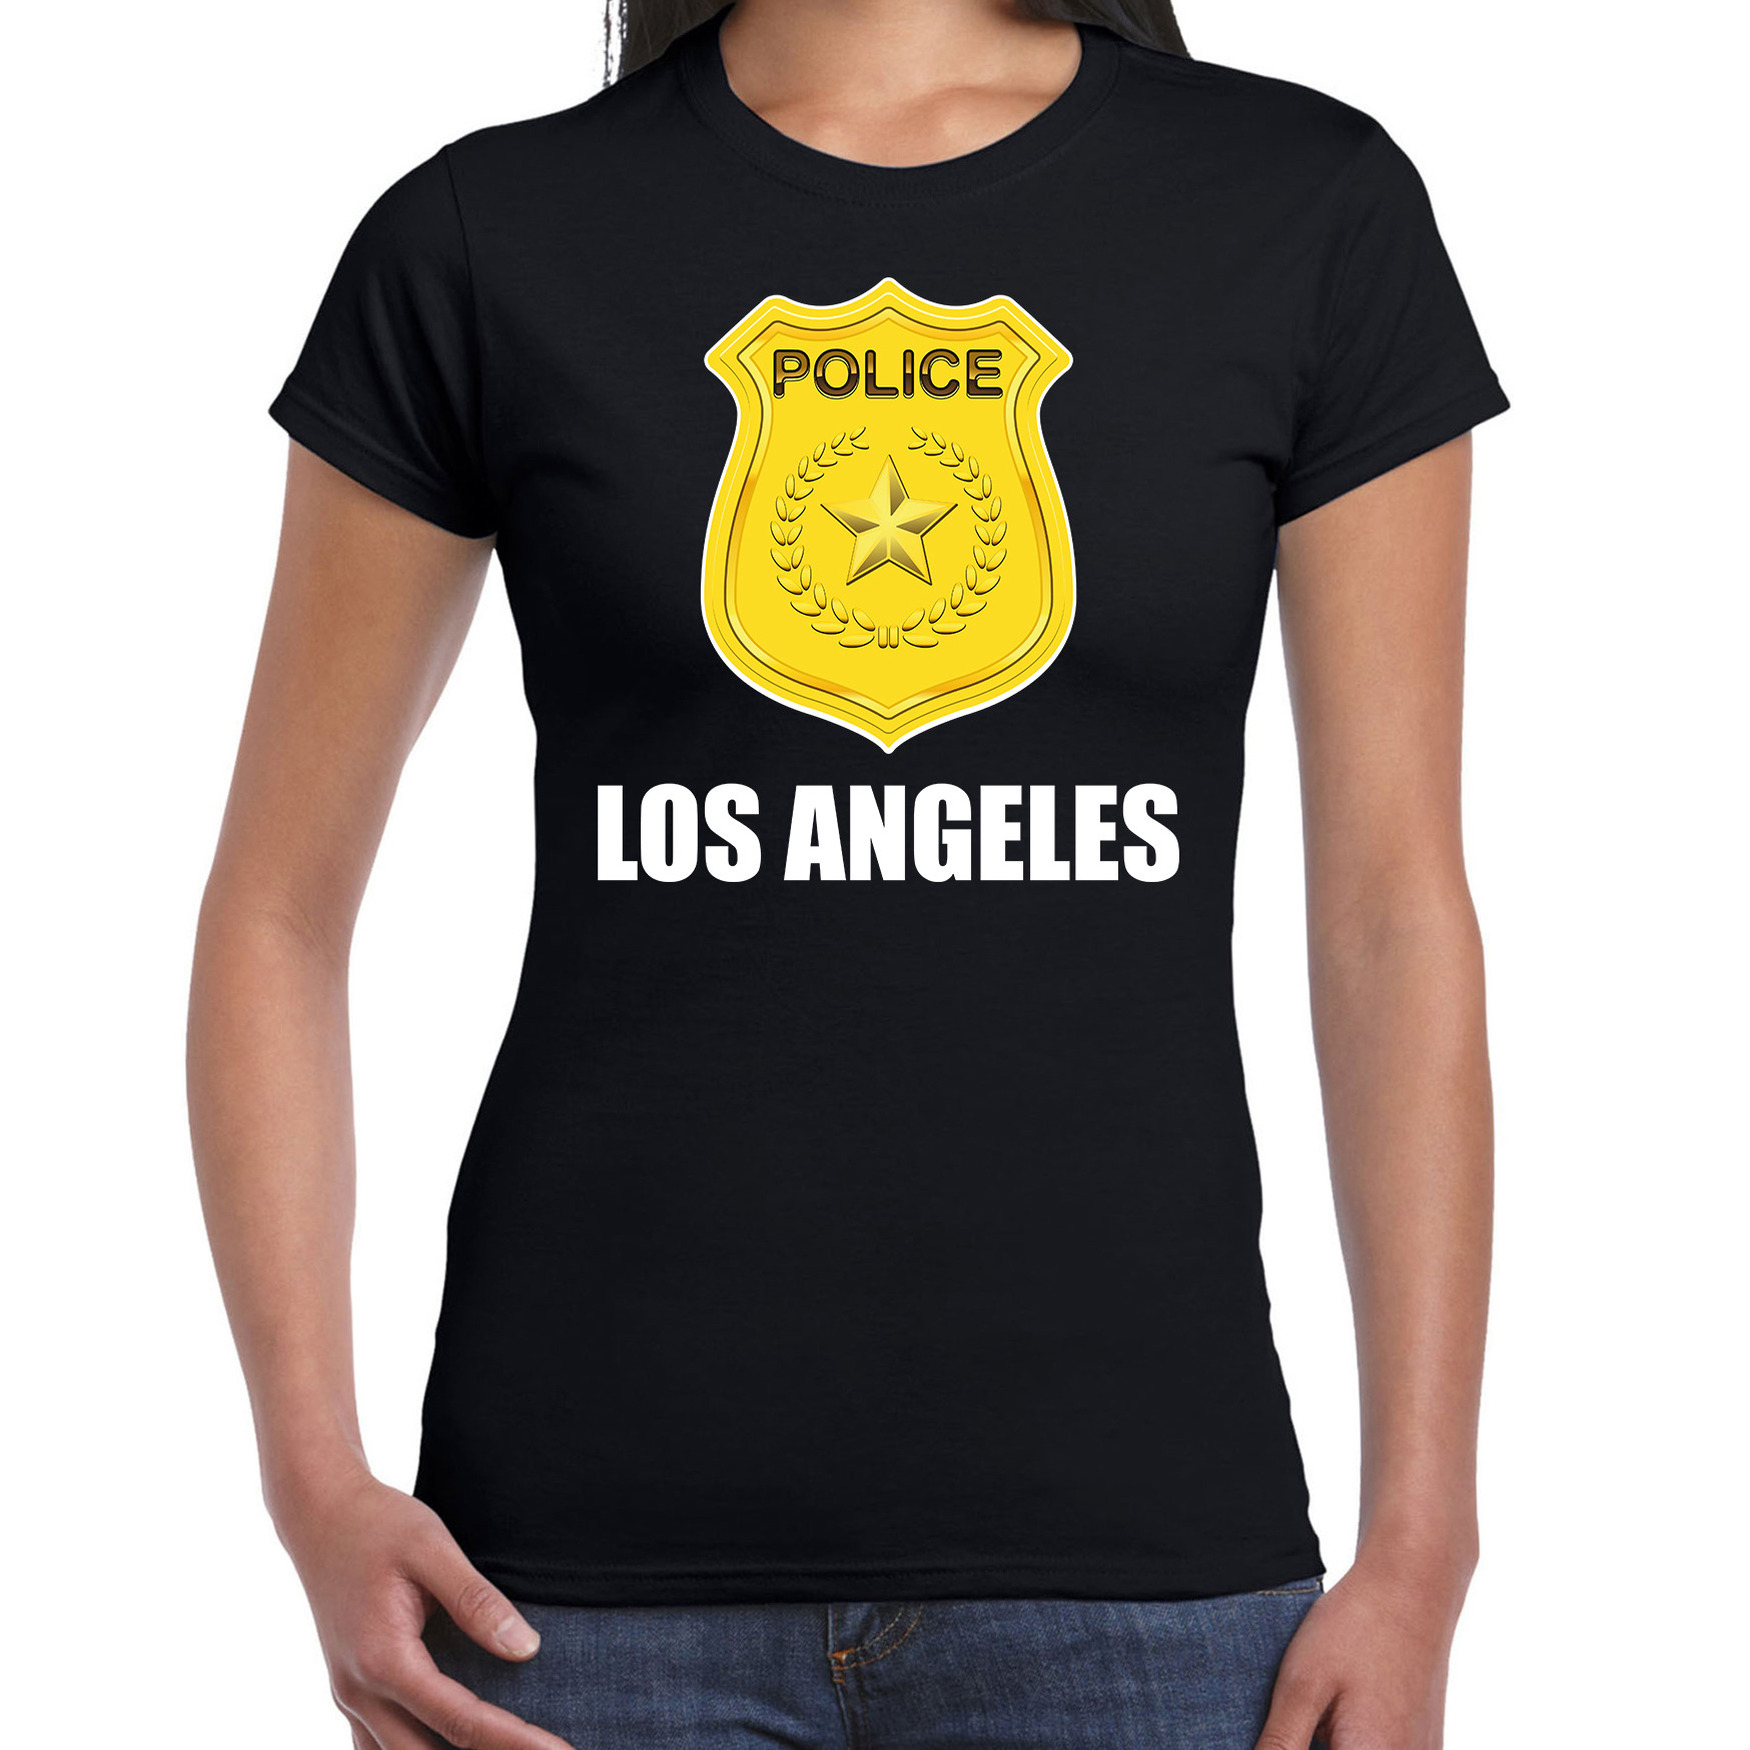 Los Angeles politie-police embleem t-shirt zwart voor dames
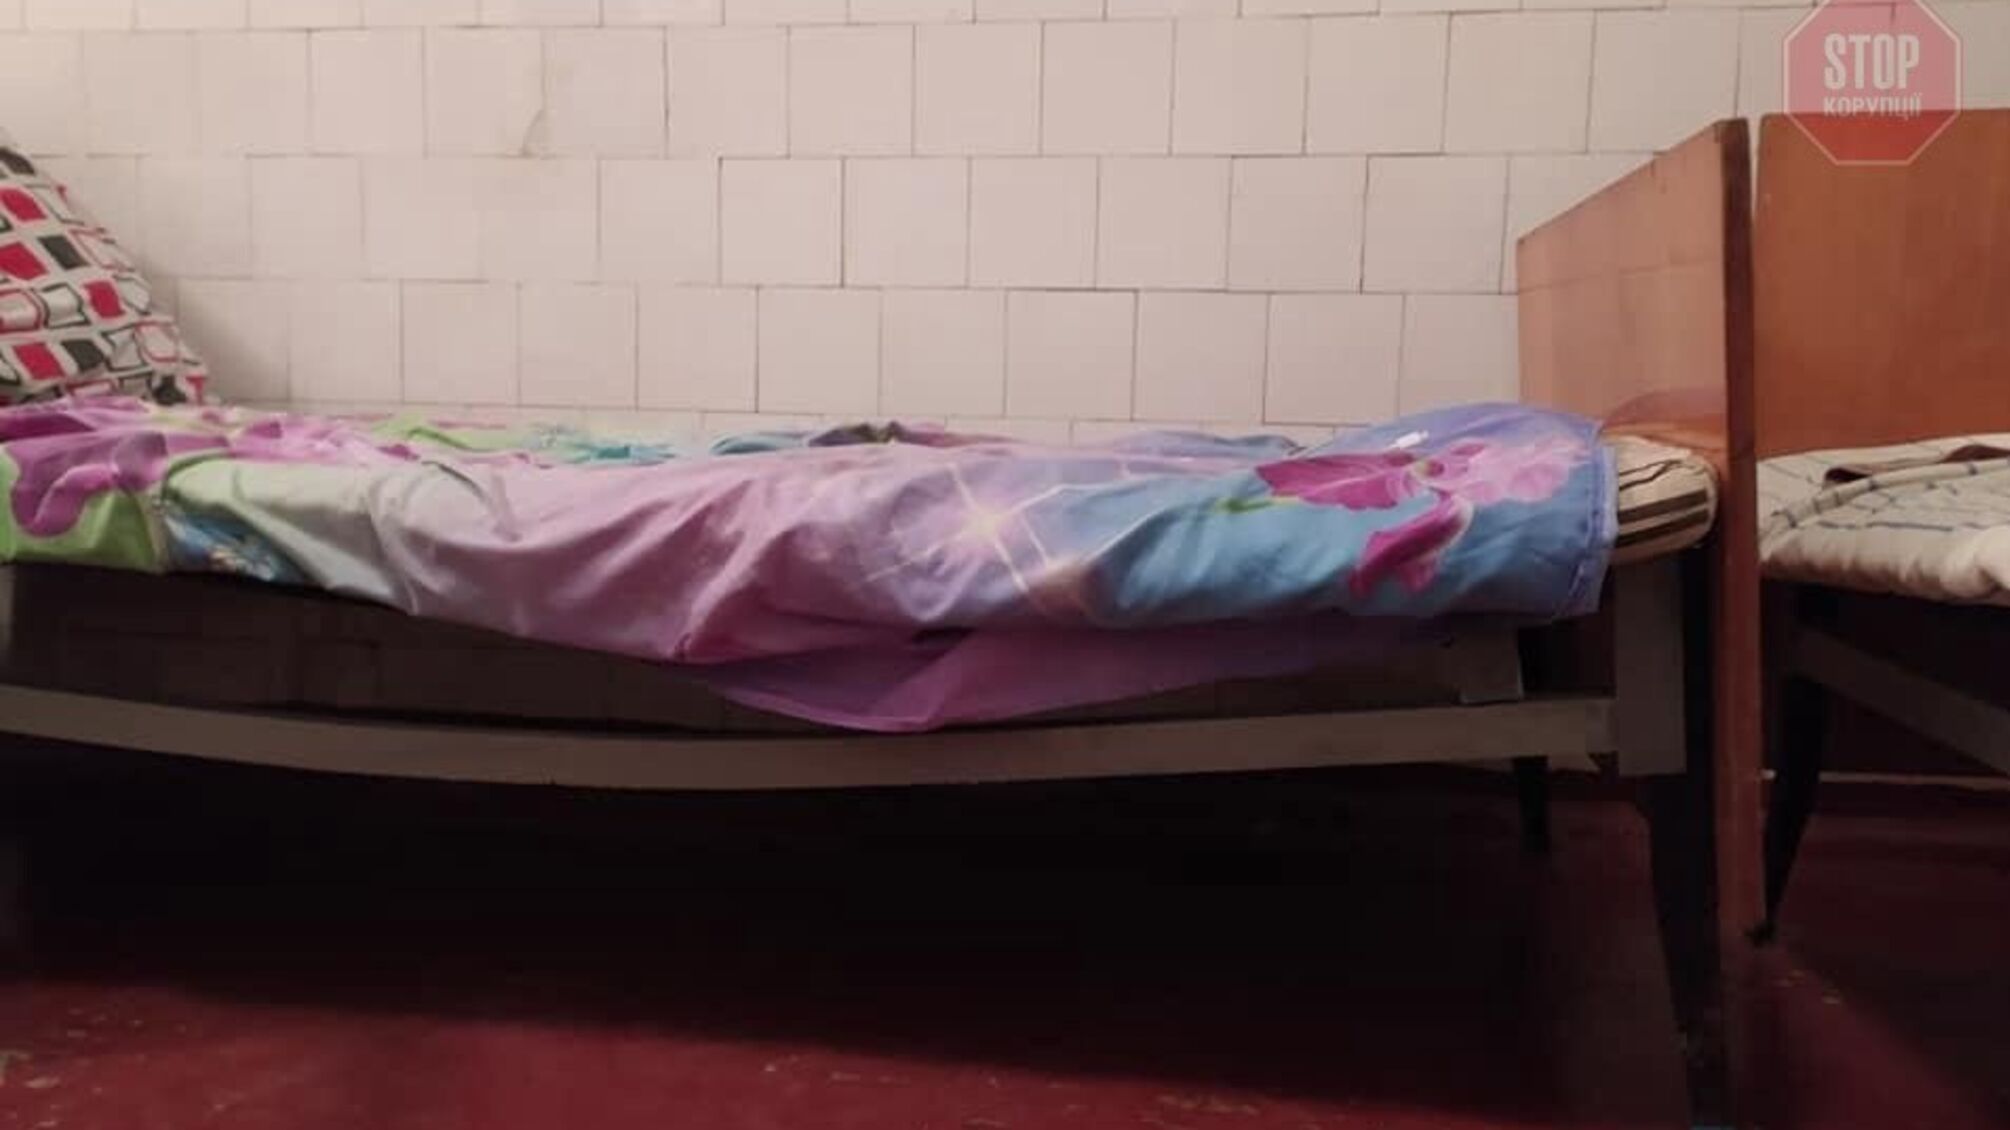 'Матрасы записаны, забиты': жителька Днепра показал ужасные условия COVID-больницы для детей (фото)
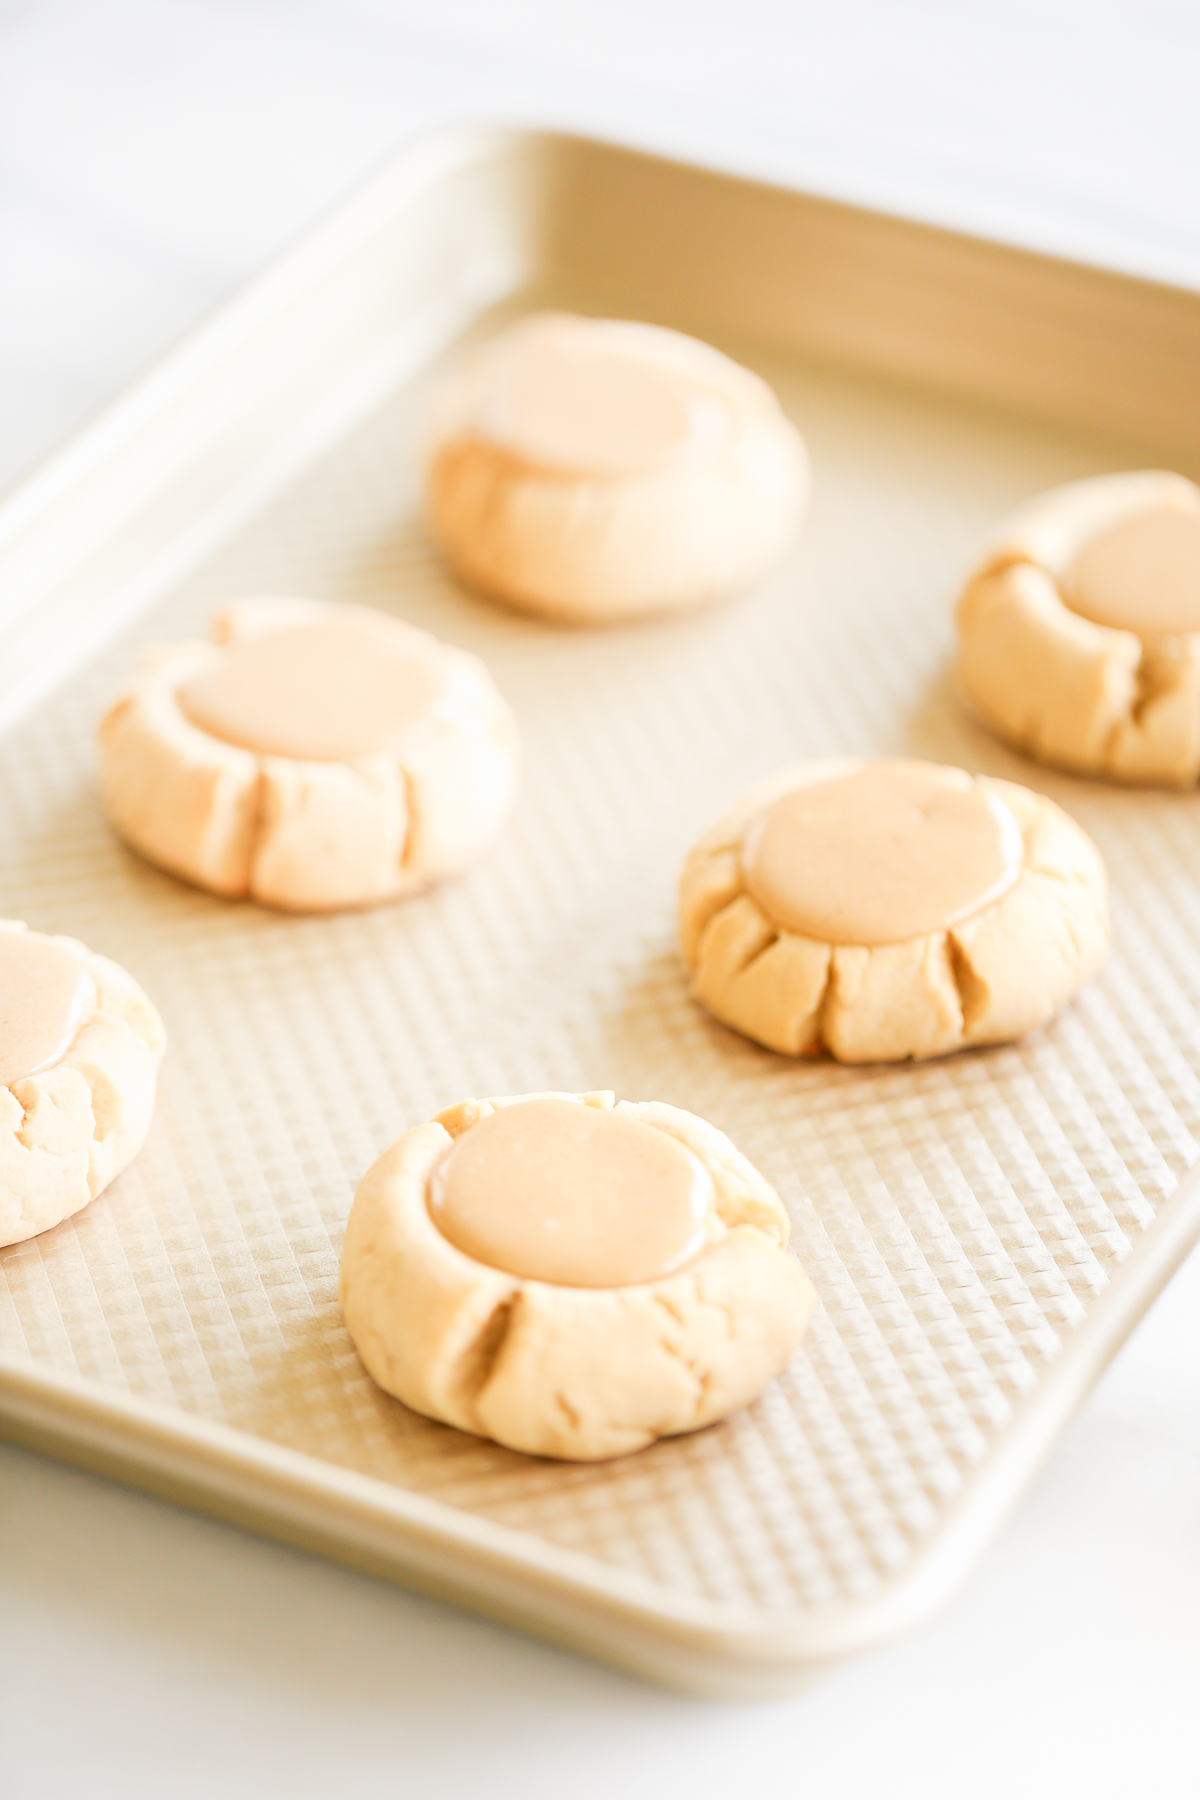 Caramel peanut butter cookies on a baking sheet.

EXERCISE DESCRIPTION - Pictures stay out. Return exactly the lines from the one with "для детей (фото)" through the last line of the data.

RESULT OF THIS EXERCISE -
 'Матрасы записаны, забиты': жителька Днепра показал ужасные условия COVID-больницы для детей (фото)
 Caramel peanut butter cookies on a baking sheet.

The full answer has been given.